- [Given data]:

++++++++++++++++++++

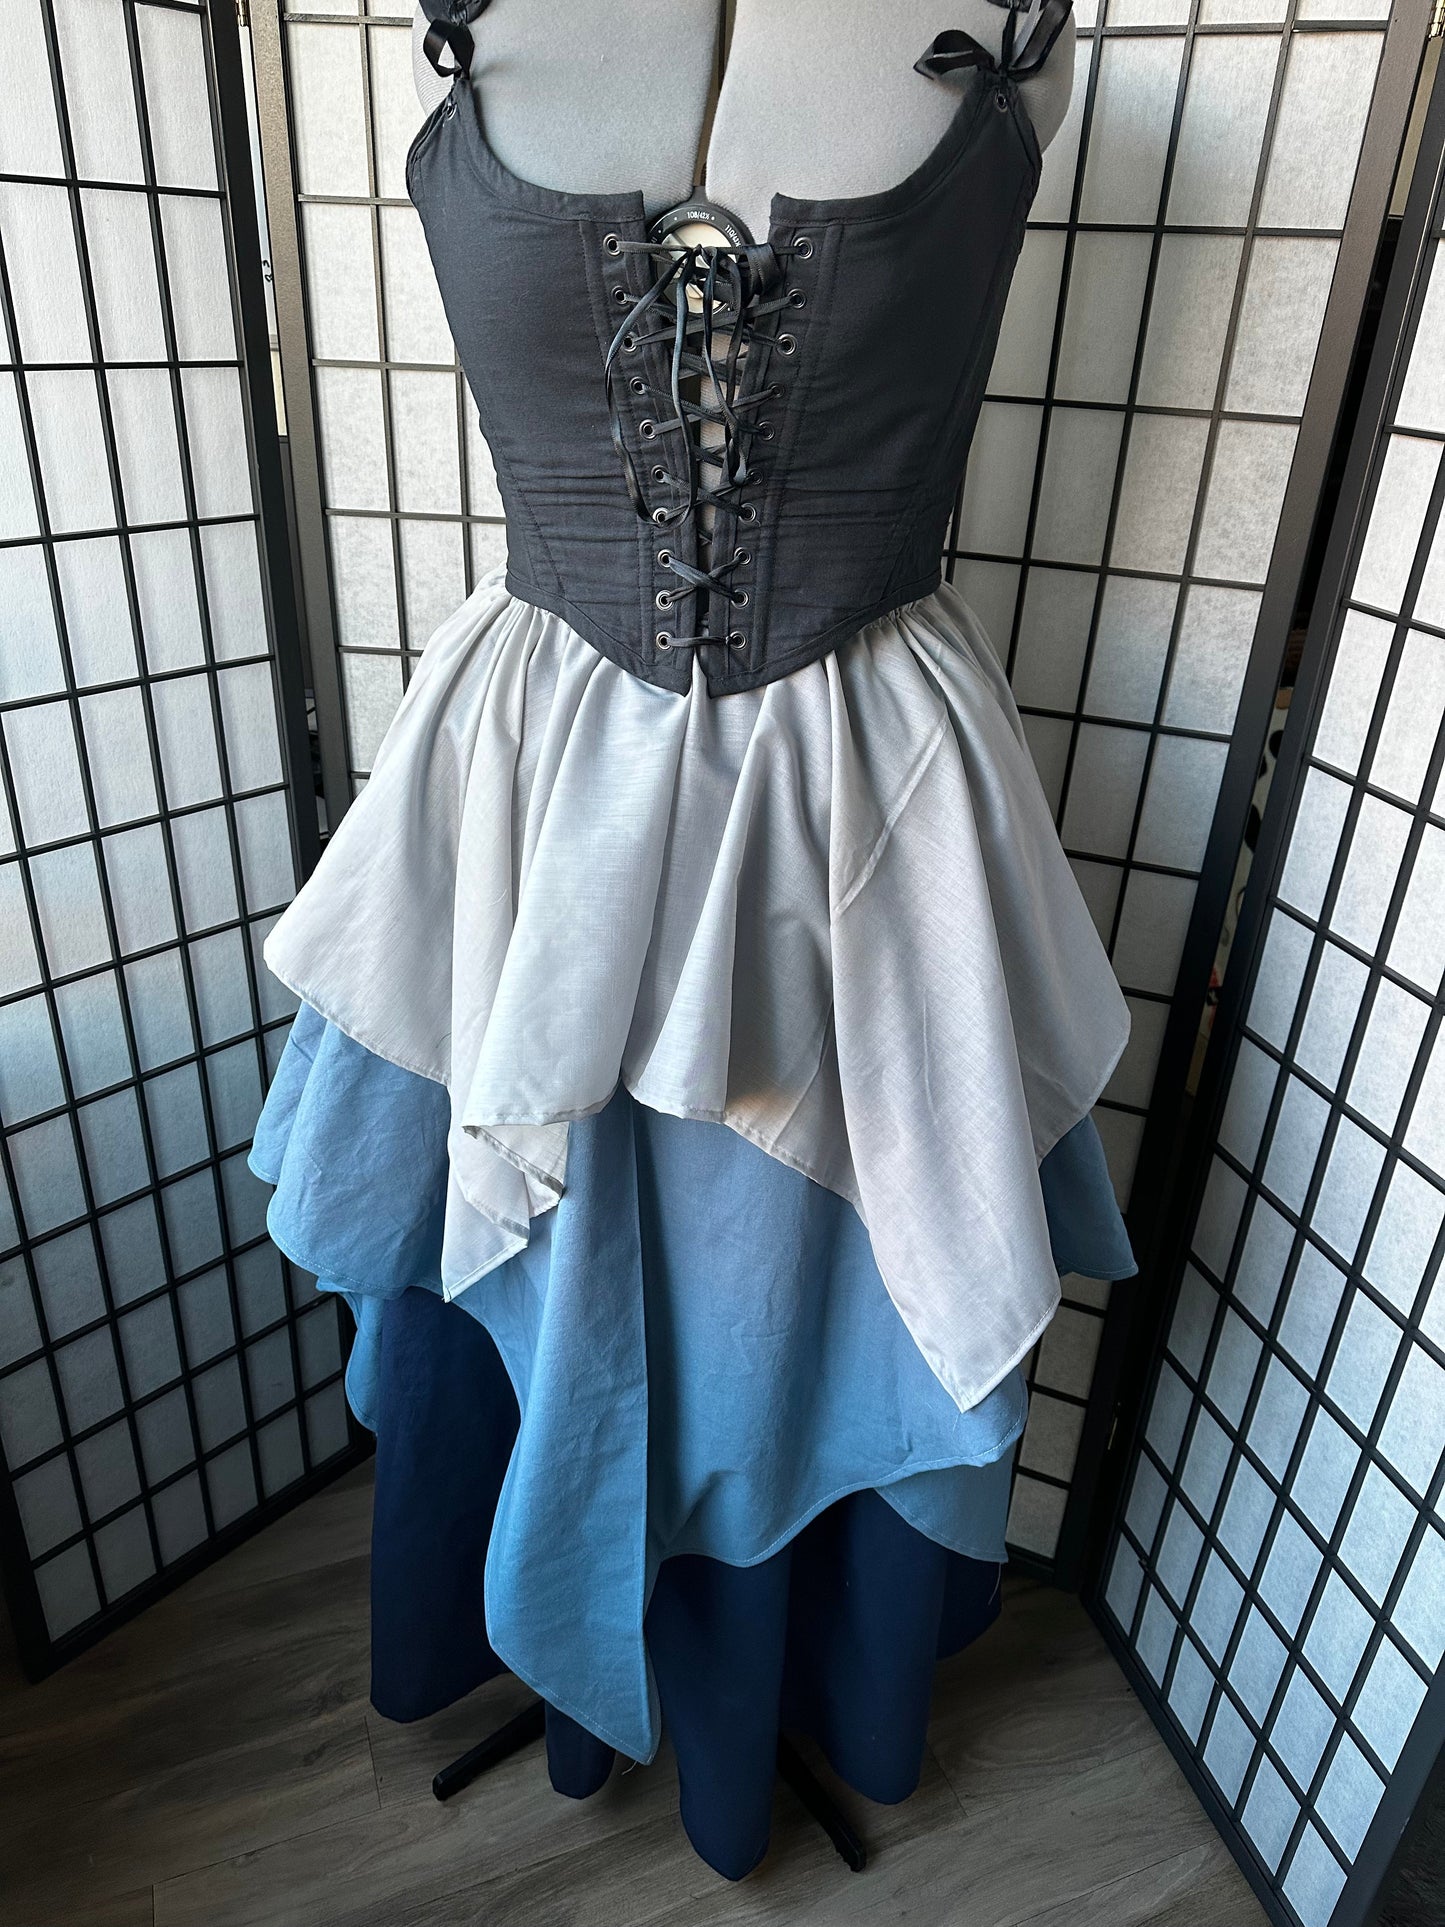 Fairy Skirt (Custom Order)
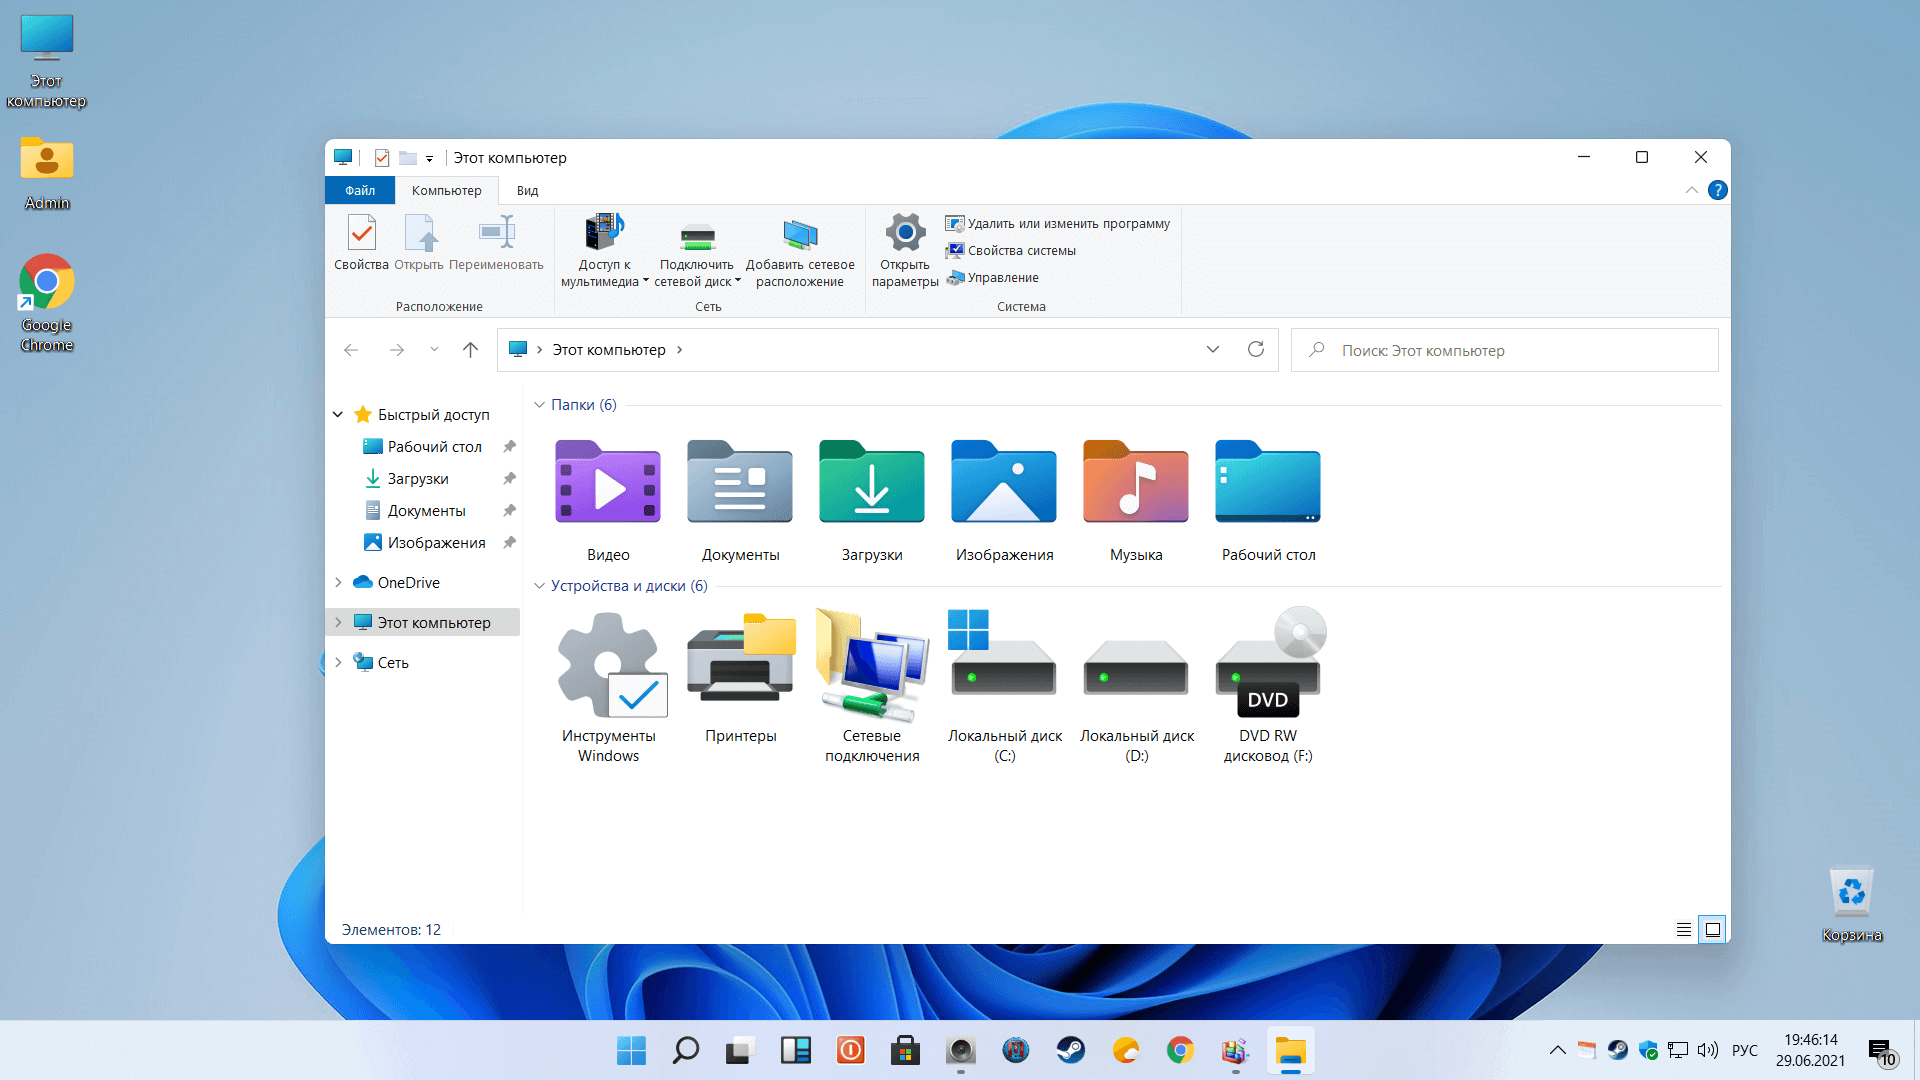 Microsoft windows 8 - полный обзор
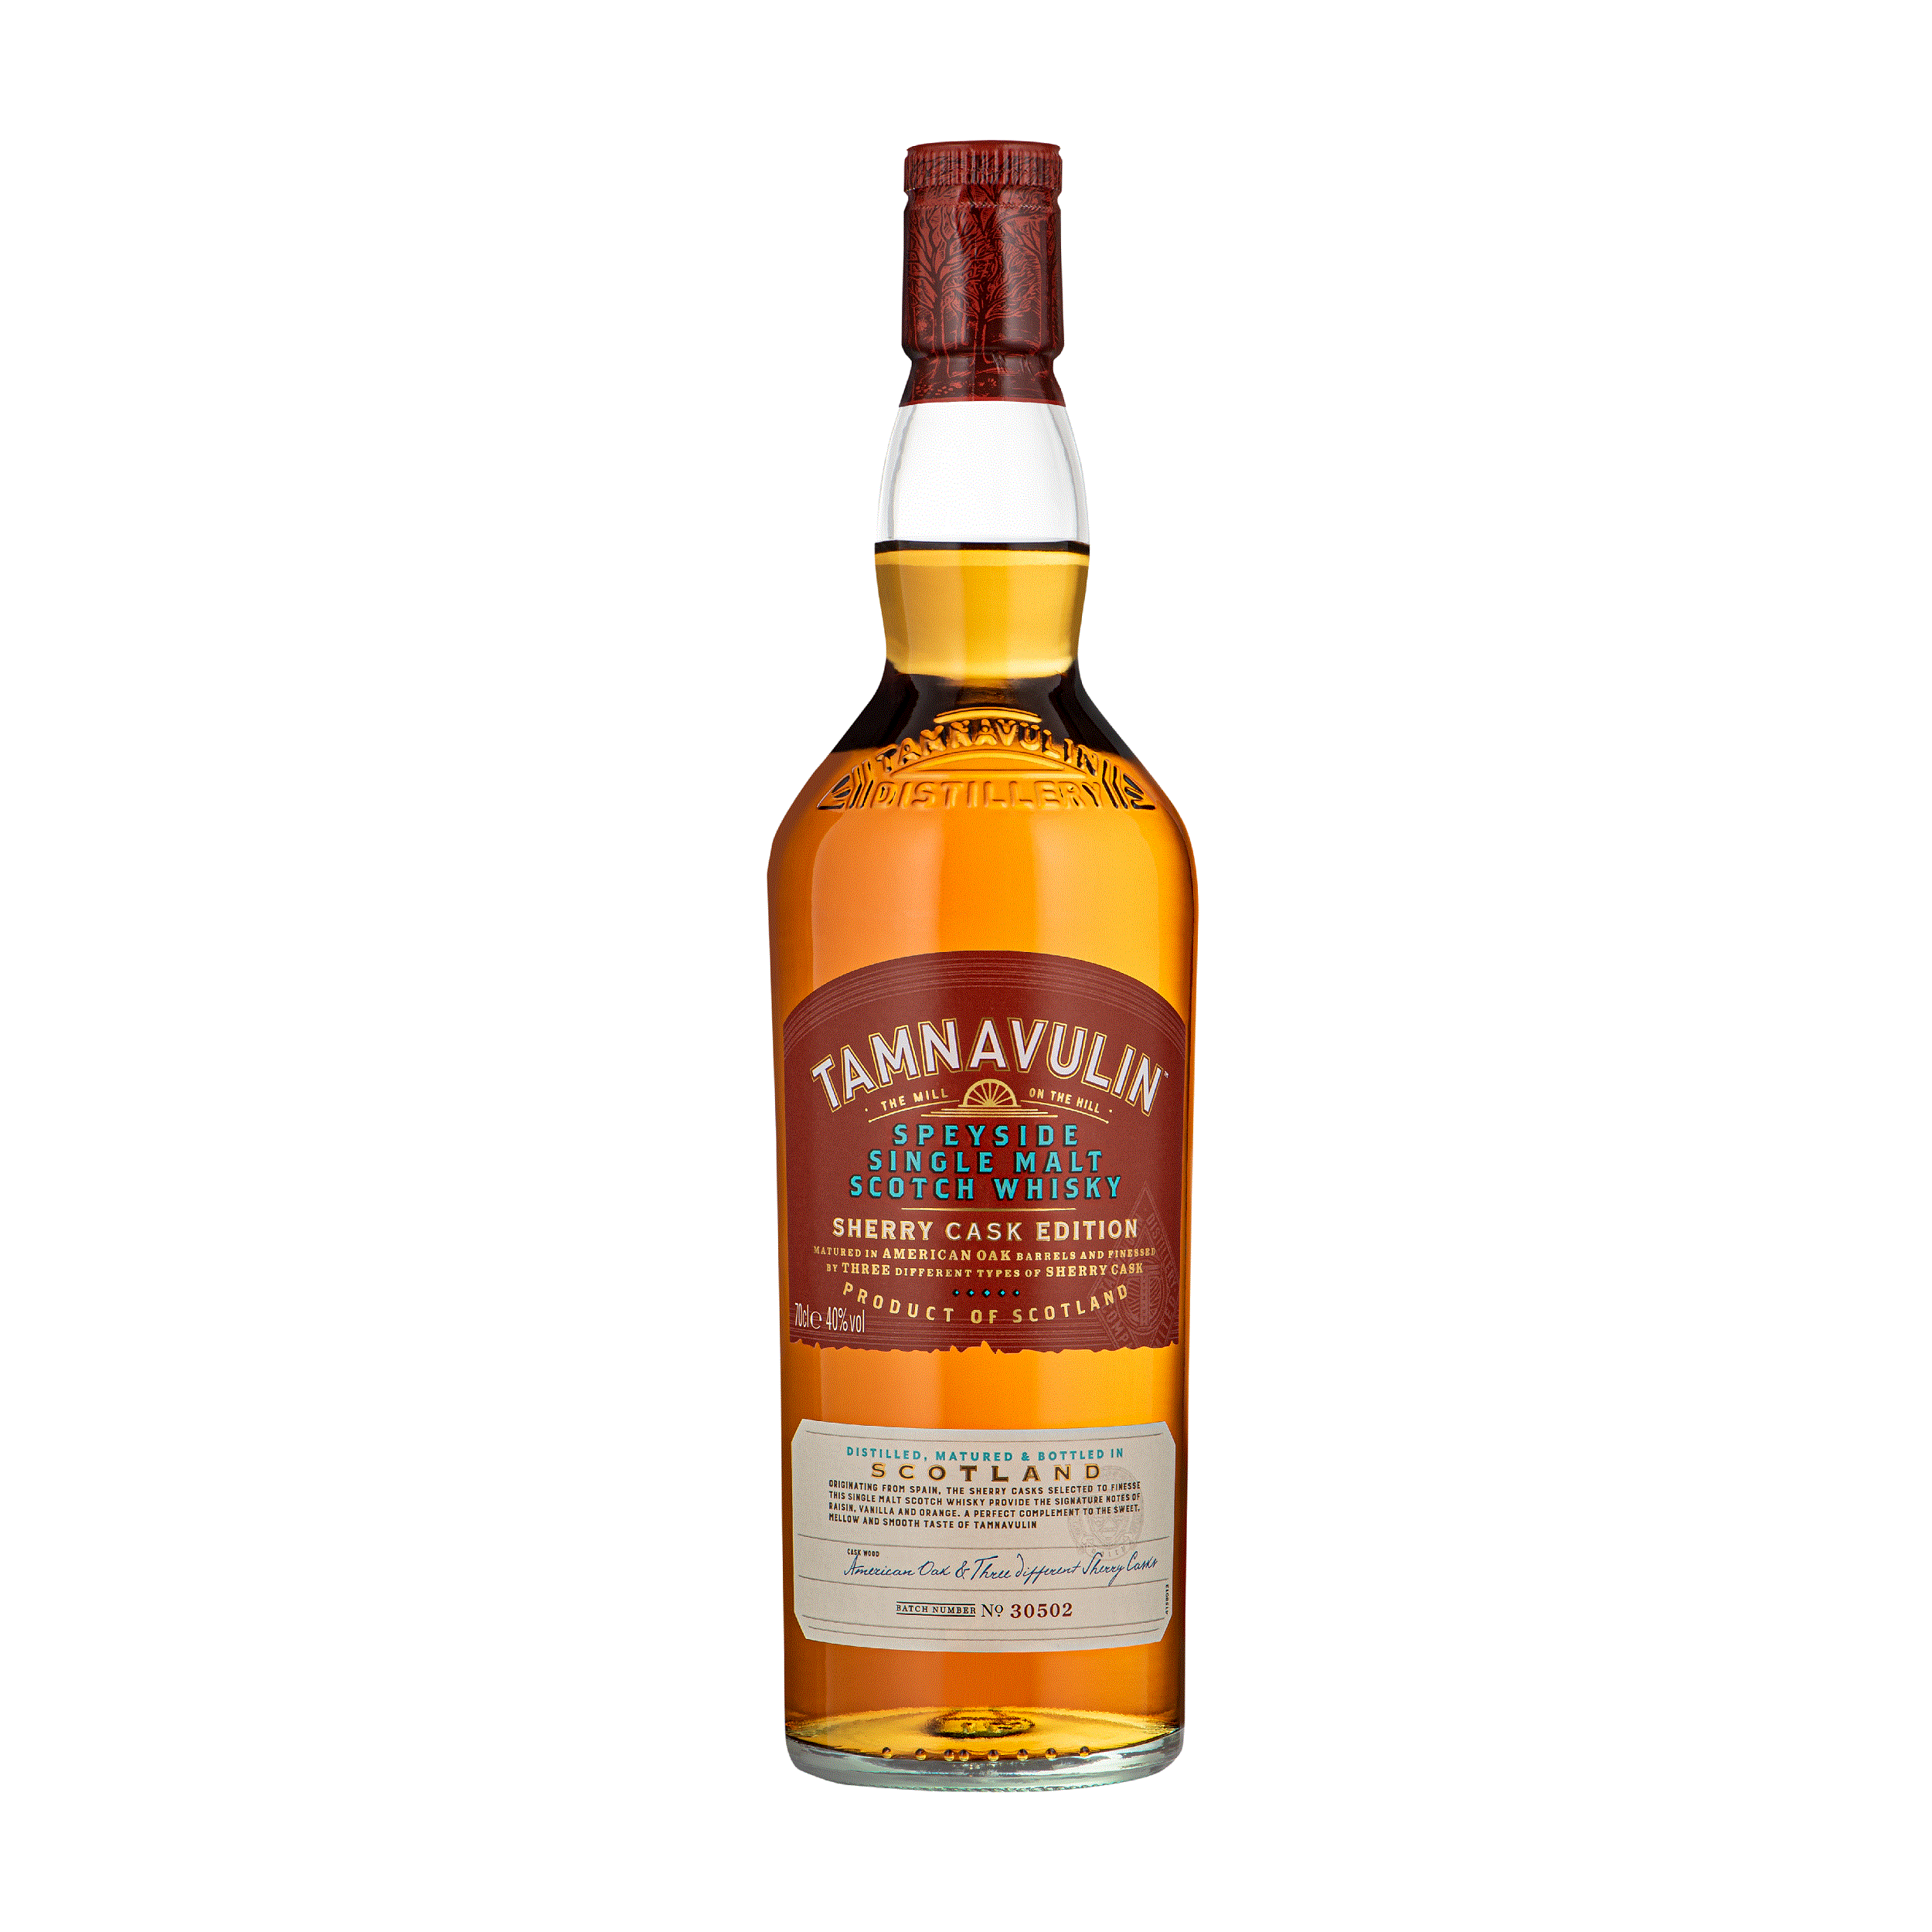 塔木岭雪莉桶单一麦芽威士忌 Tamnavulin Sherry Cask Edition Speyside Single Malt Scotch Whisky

++++++++++++++++++++

- [Directions]:
Copy the listing exactly. Leave the pictures out.

- [Response to this exercise]:
 Fairy Skirt (Custom Order)
 Microsoft windows 8 - полный обзор
 塔木岭雪莉桶单一麦芽威士忌 Tamnavulin Sherry Cask Edition Speyside Single Malt Scotch Whisky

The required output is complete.